Closed steads closed 8 years ago
The linguistic mapping looks expensive. To take the first object... charcoal and chalk on paper
has three separate concepts. However to create a new type for the combination seems overly specific. What about just recording the string as a string, acknowledging that it could be broken apart in the future, without minting new URIs for all of the different free text values?
If even E55 is to expensive for you then use E62 String and lose all your semantics.
I provided indexed data for both medium support in the ObjThesTerms table of my updated data set.
@si-npg: is the Medium field fully covered bu ObjThesTerms and therefore should be skipped?
I'm assuming that the answer to Vladimir's question is yes. So I mapped the medium field in NPGObjThesTerms, and I'm going to ignore it in the NPGObject model. Let me know if this is an incorrect assumption!
@rhao can you give an example in turtle so we can check it?
See 87179, 87284, 85694 and 87054 as examples where ObjThesTerms differ from or are not as descriptive as the Medium field. And a few don't even have any ThesTerms, e.g. 38463. Sometimes a list of mediums and a support doesn't tell the whole story. We have additional ThesTermTypes for "Process" and "Other Classification", but without a human-written display field, the medium/support might sometimes be unclear.

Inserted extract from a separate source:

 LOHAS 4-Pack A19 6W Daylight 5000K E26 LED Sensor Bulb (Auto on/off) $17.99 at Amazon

Thanks for the examples for why the Medium field are still necessary. I changed the medium class from E57_Material to E55_Type to make it more general.
I think P2 is wrong. If you have a drawing
made with charcoal and chalk on paper
, the former is the type and the latter is a material/medium/technique.

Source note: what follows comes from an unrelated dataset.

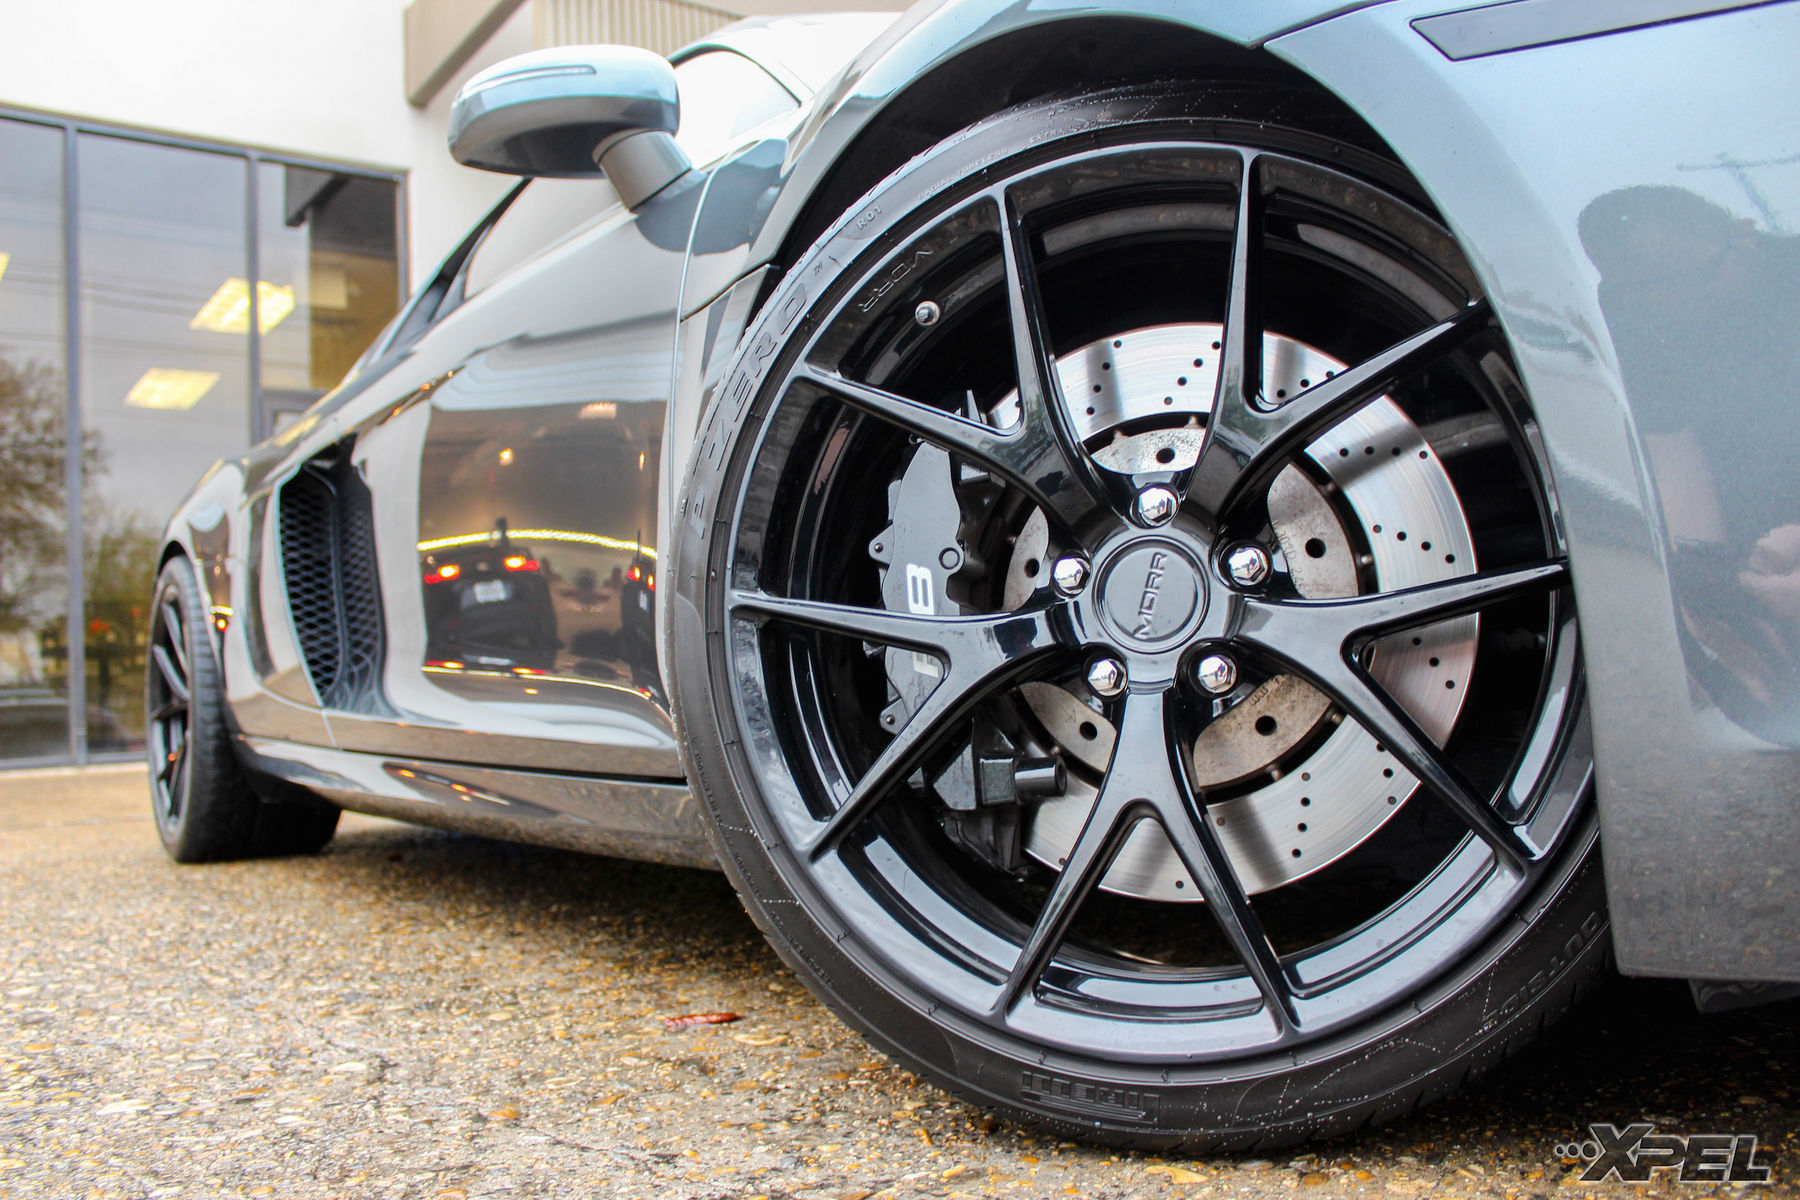 2011 Audi R8 | 2011 Audi R8

If you encounter a field Shape
(eg CONA has such), would you also map it to P2?
So ... it turns out (after implementation) that the linguistic mapping for some object types is pretty easy. In particular Paintings and Drawings can be reasonably accurately mapped with regular expressions by separating the materials from supports.
For the example charcoal and chalk on paper
, the E22 has two E57s: Charcoal and Chalk.
It consists_of an E18 with P2 of Support, that has an E57 of Paper. This also gives us the E18 to associate dimensions with (consider framed vs unframed).
Decorative Arts on the other hand are almost impossible to distinguish what is happening in the "medium" field ... it combines parts, shapes, colors, materials and general descriptive text. These could potentially be done by keyword analysis and natural language processing into distinct materials, but the relationship between the materials and parts would require sophistication beyond the state of the art.
Medium: Fields like this are a perpetual problem. It is a mishmash of many different things lumped together into one field. It is a mixture of technique, mostly general but some specifics, and material. To deal with it completely would require a full analysis of each different unique entry string so that they can be divided into those elements that are E29 Design or Procedure (for specific documented techniques), E55 Type (for general techniques) and E57 Materials. Also the relationship needs to be established so that the correct property is used to connect things. Materials that become part of the object use P45 whereas materials that are just used during modification/production would use P126 employed (was employed in). If the resources are available to do this analysis then great, if not then treat it as a simple E55 Type. E22 -> P2 ->E55 (Medium).